I think the best of the dissents was written by Thomas:

Instead, the States have refused to grant them governmental entitlements. Petitioners claim that as a matter of “liberty,” they are entitled to access privileges and benefits that exist solely because of the government. They want, for example, to receive the State’s imprimatur on their marriages—on state issued marriage licenses, death certificates, or other official forms. And they want to receive various monetary benefits, including reduced inheritance taxes upon the death of a spouse, compensation if a spouse dies as a result of a work-related injury, or loss of consortium damages in tort suits. But receiving governmental recognition and benefits has nothing to do with any understanding of “liberty” that the Framers would have recognized.

To the extent that the Framers would have recognized a natural right to marriage that fell within the broader definition of liberty, it would not have included a right to governmental recognition and benefits.

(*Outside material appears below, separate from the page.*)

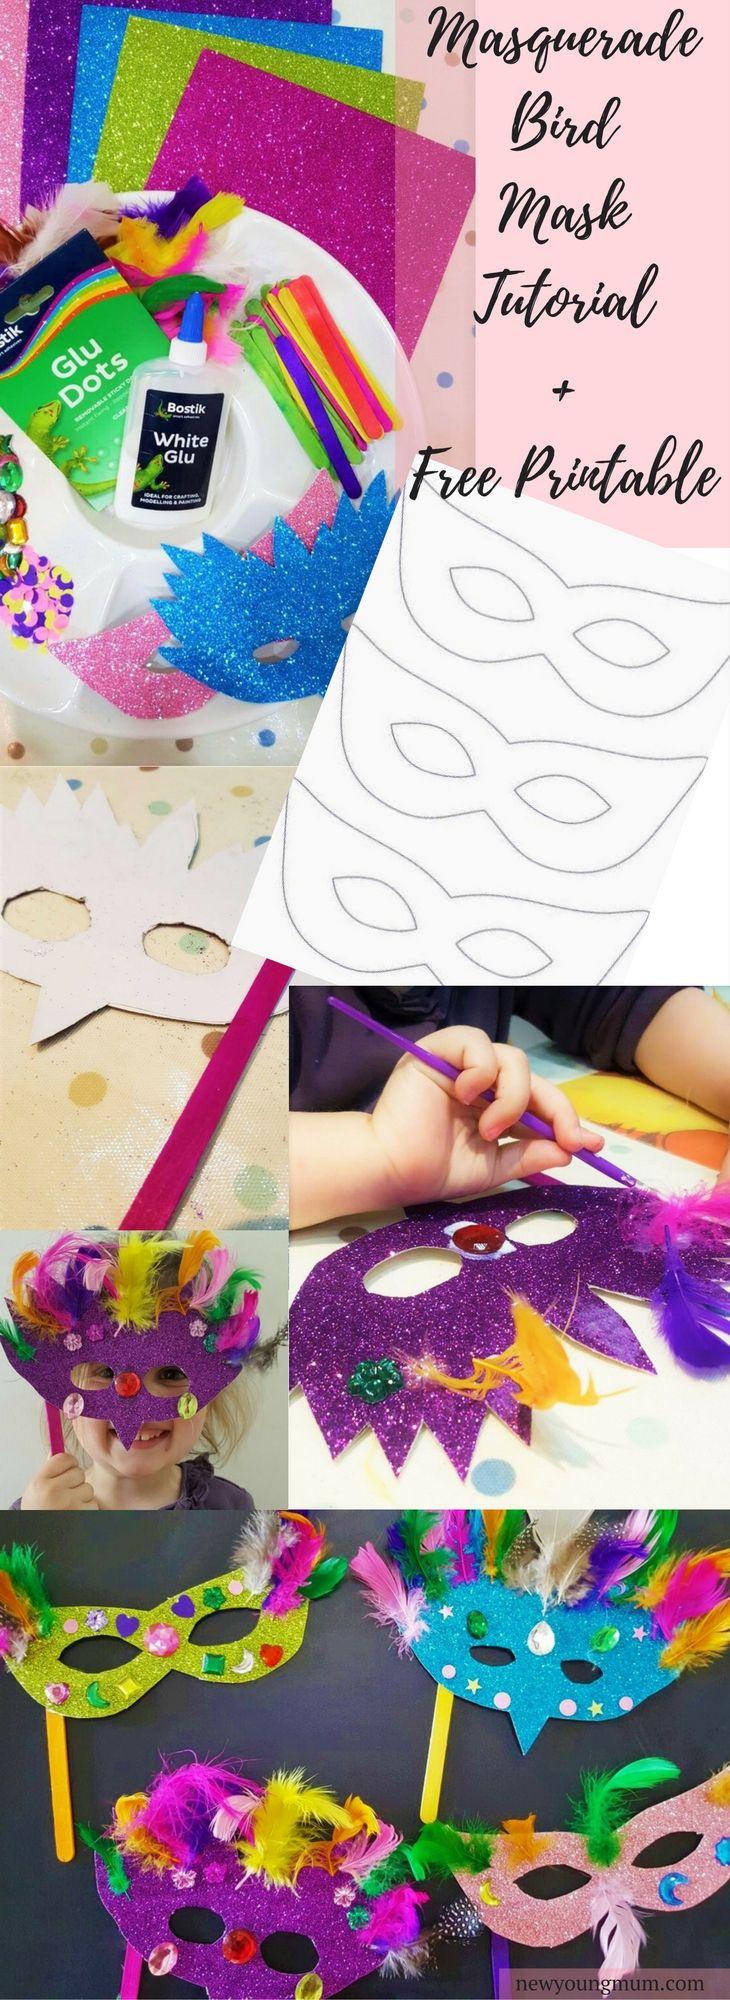 Bird Masks Kids Craft with a FREE Template Printable. Kids printables, bird mask, bird masks, kids crafts, children's crafts, simple kids crafts, easy crafts, free printable, bird crafts, get crafty, childrens craft ideas.

Instead, it would have included a right to engage in the very same activities that petitioners have been left free to engage in—making vows, holding religious ceremonies celebrating those vows, raising children, and otherwise enjoying the society of one’s spouse—without governmental interference. At the founding, such conduct was understood to predate government, not to flow from it...

...In a concession to petitioners’ misconception of liberty, the majority characterizes petitioners’ suit as a quest to “find...liberty by marrying someone of the same sex and having their marriages deemed lawful on the same terms and conditions as marriages between persons of the opposite sex.” Ante, at 2. But “liberty” is not lost, nor can it be found in the way petitioners seek. As a philosophical matter, liberty is only freedom from governmental action, not an entitlement to governmental benefits. And as a constitutional matter, it is likely even narrower than that, encompassing only freedom from physical restraint and imprisonment. The majority’s “better informed understanding of how constitutional imperatives define...liberty,” ante, at 19,—better informed, we must assume, than that of the people who ratified the Fourteenth Amendment—runs headlong into the reality that our Constitution is a “collection of ‘Thou shalt nots,’” Reid v. Covert, 354 U. S. 1, 9 (1957) (plurality opinion), not “Thou shalt provides.”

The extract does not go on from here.